Last year five terrorist attacks took place across the UK leaving 36 people dead, 390 physically injured and countless others affected emotionally, physically and financially. Victim Support had contact with over 1,400 people, offering information and specialist support. From this experience, and from the stories of survivors, we call for clearer access and to ensure that no-one goes without the support they need.
Victim services in England and Wales are commissioned by Police and Crime Commissioners, and there is a requirement under the Victims Code of Practice for victims affected by terrorist incidents to be able to access these services. However, as there are different service providers across England and Wales, in the event of an incident where victims are from all parts of the country, our research with survivors demonstrates that it is not always clear how survivors should access support or who they should contact.
Following the Westminster attack, one year ago today, Victim Support extended it’s free confidential supportline to be open 24 hours a day, seven days a week – a service funded largely from charitable donations. Many people who sought our support were dealing with the psychological effects and were struggling to cope, having difficulty sleeping, experiencing flashbacks and feared being alone. That’s why we took the decision to be there for victims – anytime of the day or night.
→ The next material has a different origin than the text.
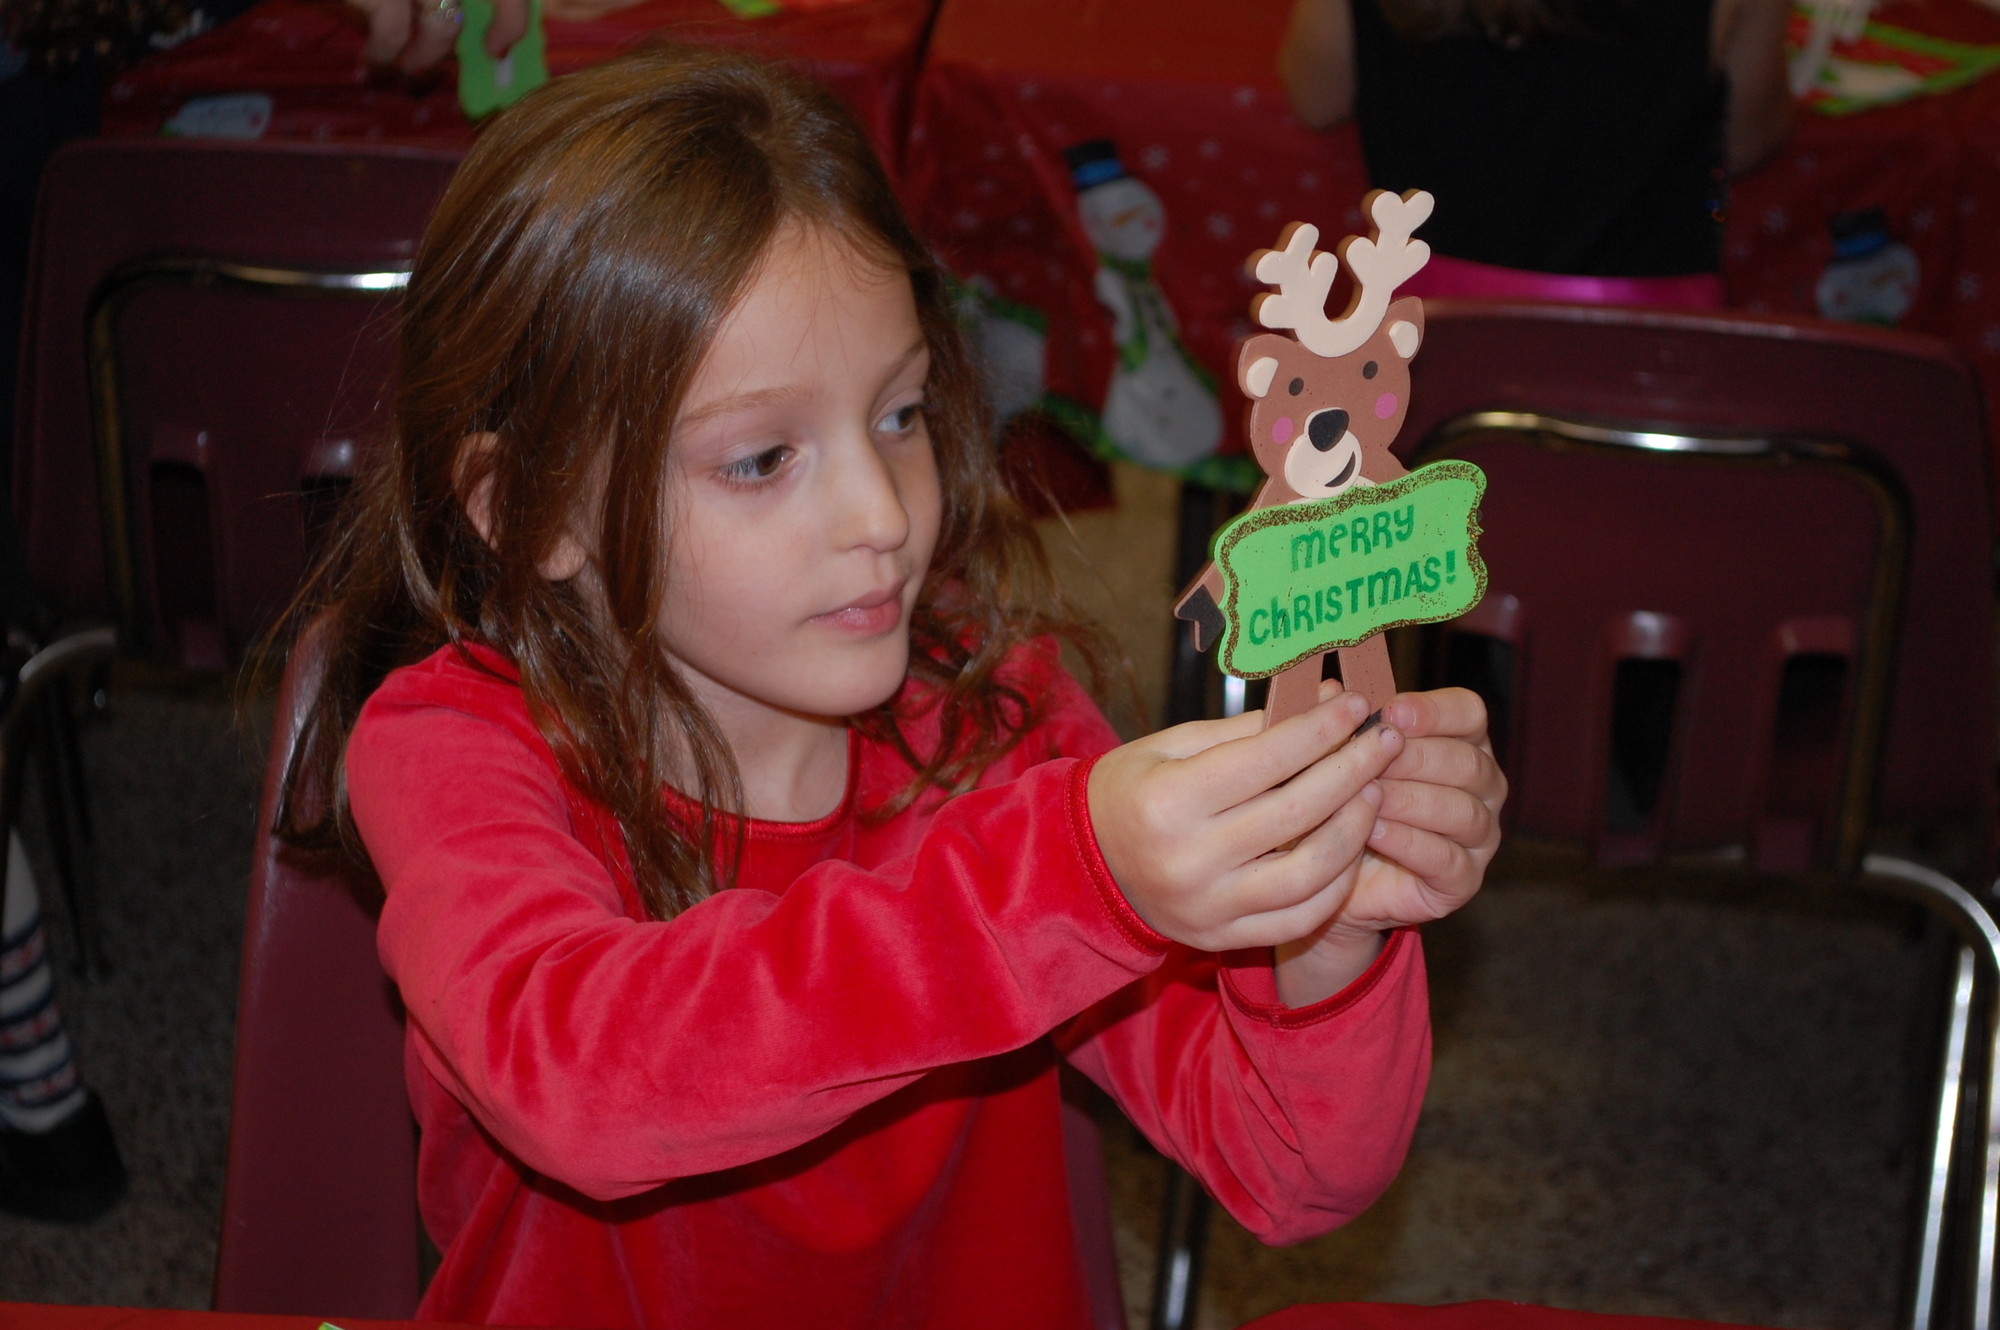 First-grader Shannon Watt proudly showed off the reindeer ornament that she made to take home for her Christmas tree.

All of those involved in responding to these attacks – emergency services and local authorities through to voluntary organisations and charities must continue to improve how we work together. We need to ensure that all those seeking help have access to all the information they need from the start, and can access support for as long as they need it, no matter where they live.
We are calling for all agencies involved to recognise that in the case of terrorist incidents, it is not only those injured and the families of the bereaved that are affected, but also those who witnessed these attacks. From people who saw the Westminster attack unfold from buses crossing the bridge, to those hiding in restaurants and bars as the terrorists at London Bridge carried out their brutal attacks. All agencies involved in assisting in such incidents must therefore treat witnesses as survivors and ensure they have access to adequate support services.
Today is a day to remember all those impacted by the devastating and life-changing incidents of last year. Whilst we hope that such incidents never happen again, we must listen and learn to ensure that can respond faster, respond better and respond to all those who need support.